指示LLM生成遵循预期格式的文本（例如，具有特定模式的JSON）；
使用输出解析器将模型响应结构化为所需的Python对象。

首先我们选择一个LLM：

pip install -qU langchain-openai

import getpass
import os

os.environ["OPENAI_API_KEY"] = getpass.getpass()

from langchain_openai import ChatOpenAI

model = ChatOpenAI(model="gpt-4o-mini")

pip install -qU langchain-anthropic

import getpass
import os

os.environ["ANTHROPIC_API_KEY"] = getpass.getpass()

from langchain_anthropic import ChatAnthropic

model = ChatAnthropic(model="claude-3-5-sonnet-20240620")

pip install -qU langchain-openai

import getpass
import os

os.environ["AZURE_OPENAI_API_KEY"] = getpass.getpass()

from langchain_openai import AzureChatOpenAI

model = AzureChatOpenAI(
    azure_endpoint=os.environ["AZURE_OPENAI_ENDPOINT"],
    azure_deployment=os.environ["AZURE_OPENAI_DEPLOYMENT_NAME"],
    openai_api_version=os.environ["AZURE_OPENAI_API_VERSION"],
)

pip install -qU langchain-google-vertexai

import getpass
import os

os.environ["GOOGLE_API_KEY"] = getpass.getpass()

from langchain_google_vertexai import ChatVertexAI

model = ChatVertexAI(model="gemini-1.5-flash")

pip install -qU langchain-cohere

import getpass
import os

os.environ["COHERE_API_KEY"] = getpass.getpass()

from langchain_cohere import ChatCohere

model = ChatCohere(model="command-r-plus")

pip install -qU langchain-nvidia-ai-endpoints

import getpass
import os

os.environ["NVIDIA_API_KEY"] = getpass.getpass()

from langchain import ChatNVIDIA

model = ChatNVIDIA(model="meta/llama3-70b-instruct")

pip install -qU langchain-fireworks

import getpass
import os

os.environ["FIREWORKS_API_KEY"] = getpass.getpass()

from langchain_fireworks import ChatFireworks

model = ChatFireworks(model="accounts/fireworks/models/llama-v3p1-70b-instruct")

pip install -qU langchain-groq

import getpass
import os

os.environ["GROQ_API_KEY"] = getpass.getpass()

from langchain_groq import ChatGroq

model = ChatGroq(model="llama3-8b-8192")

pip install -qU langchain-mistralai

import getpass
import os

os.environ["MISTRAL_API_KEY"] = getpass.getpass()

from langchain_mistralai import ChatMistralAI

model = ChatMistralAI(model="mistral-large-latest")

pip install -qU langchain-openai

import getpass
import os

os.environ["TOGETHER_API_KEY"] = getpass.getpass()

from langchain_openai import ChatOpenAI

model = ChatOpenAI(
    base_url="https://api.together.xyz/v1",
    api_key=os.environ["TOGETHER_API_KEY"],
    model="mistralai/Mixtral-8x7B-Instruct-v0.1",
)

tip

本教程旨在简单，但通常应该确实包括参考示例以挖掘性能！

使用 PydanticOutputParser

以下示例使用内置的 PydanticOutputParser 来解析聊天模型的输出。

from typing import List, Optional

from langchain_core.output_parsers import PydanticOutputParser
from langchain_core.prompts import ChatPromptTemplate
from langchain_core.pydantic_v1 import BaseModel, Field, validator


class Person(BaseModel):
    """关于一个人的信息。
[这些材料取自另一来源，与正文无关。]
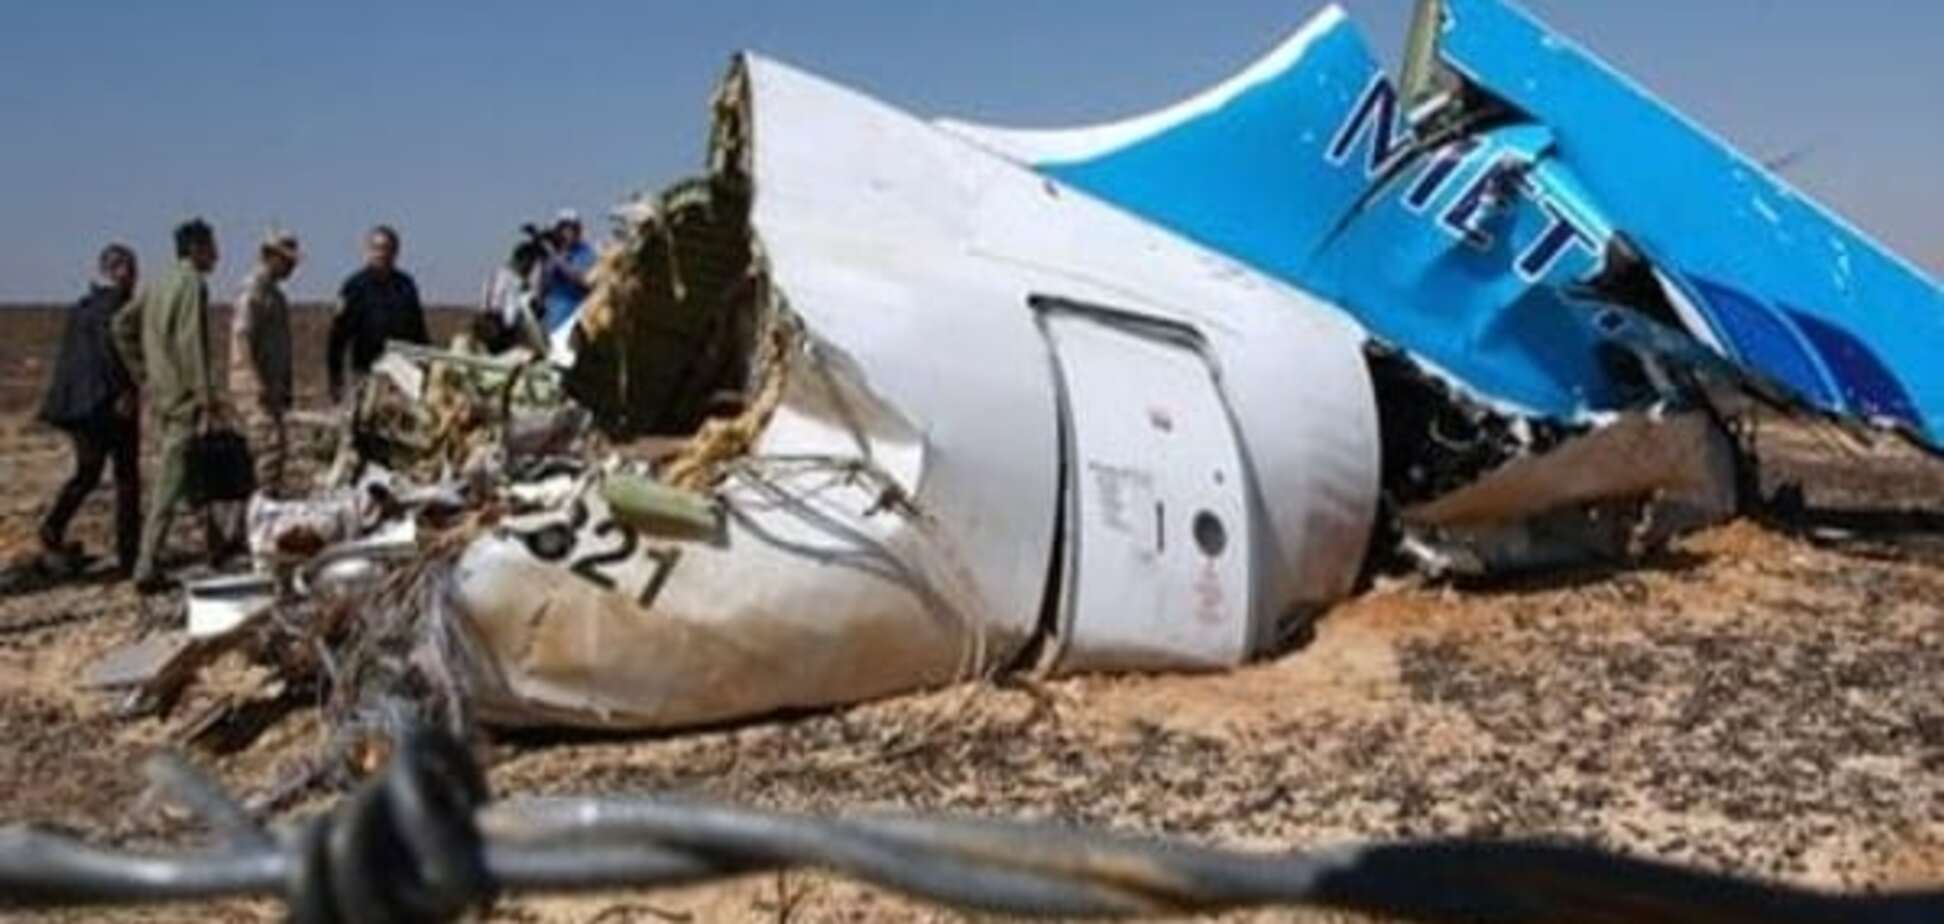 ЗМІ: Експерти встановили місце закладення бомби у збитому над Сінаєм літаку
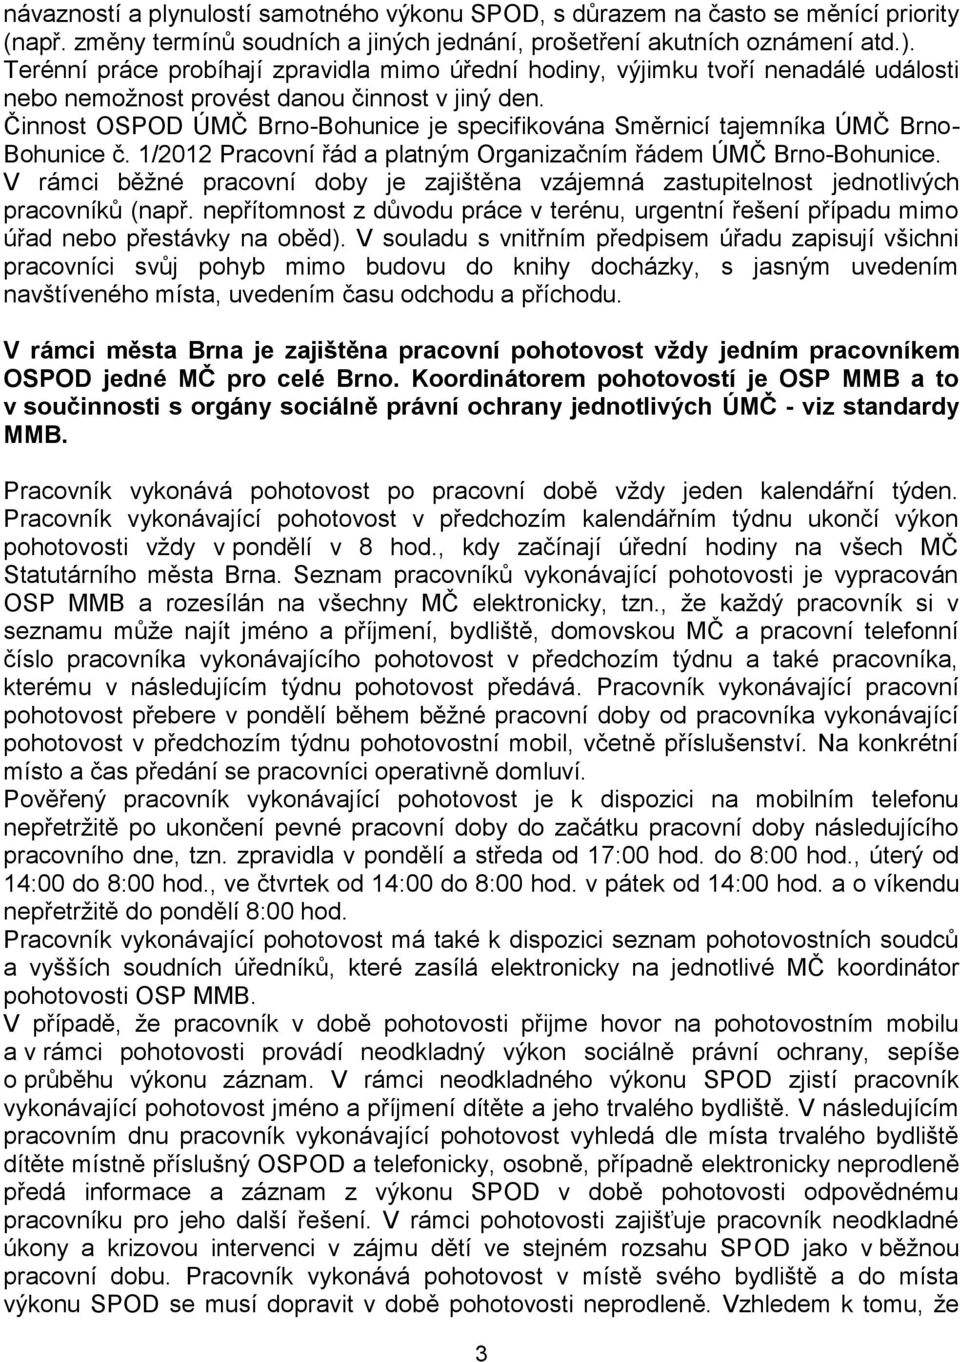 Činnost OSPOD ÚMČ Brno-Bohunice je specifikována Směrnicí tajemníka ÚMČ Brno- Bohunice č. 1/2012 Pracovní řád a platným Organizačním řádem ÚMČ Brno-Bohunice.

"""

    name: str = Field(..., description="这个人的名字")
    height_in_meters: float = Field(
        ..., description="这个人的身高以米为单位。"
    )


class People(BaseModel):
    """文本中所有人的识别信息。"""

    people: List[Person]


# 设置解析器
parser = PydanticOutputParser(pydantic_object=People)

# 提示
prompt = ChatPromptTemplate.from_messages(
    [
        (
            "system",
            "回答用户查询。将输出包裹在 `json` 标签中\n{format_instructions}",
        ),
        ("human", "{query}"),
    ]
).partial(format_instructions=parser.get_format_instructions())

让我们看看发送给模型的信息

query = "Anna is 23 years old and she is 6 feet tall"

print(prompt.format_prompt(query=query).to_string())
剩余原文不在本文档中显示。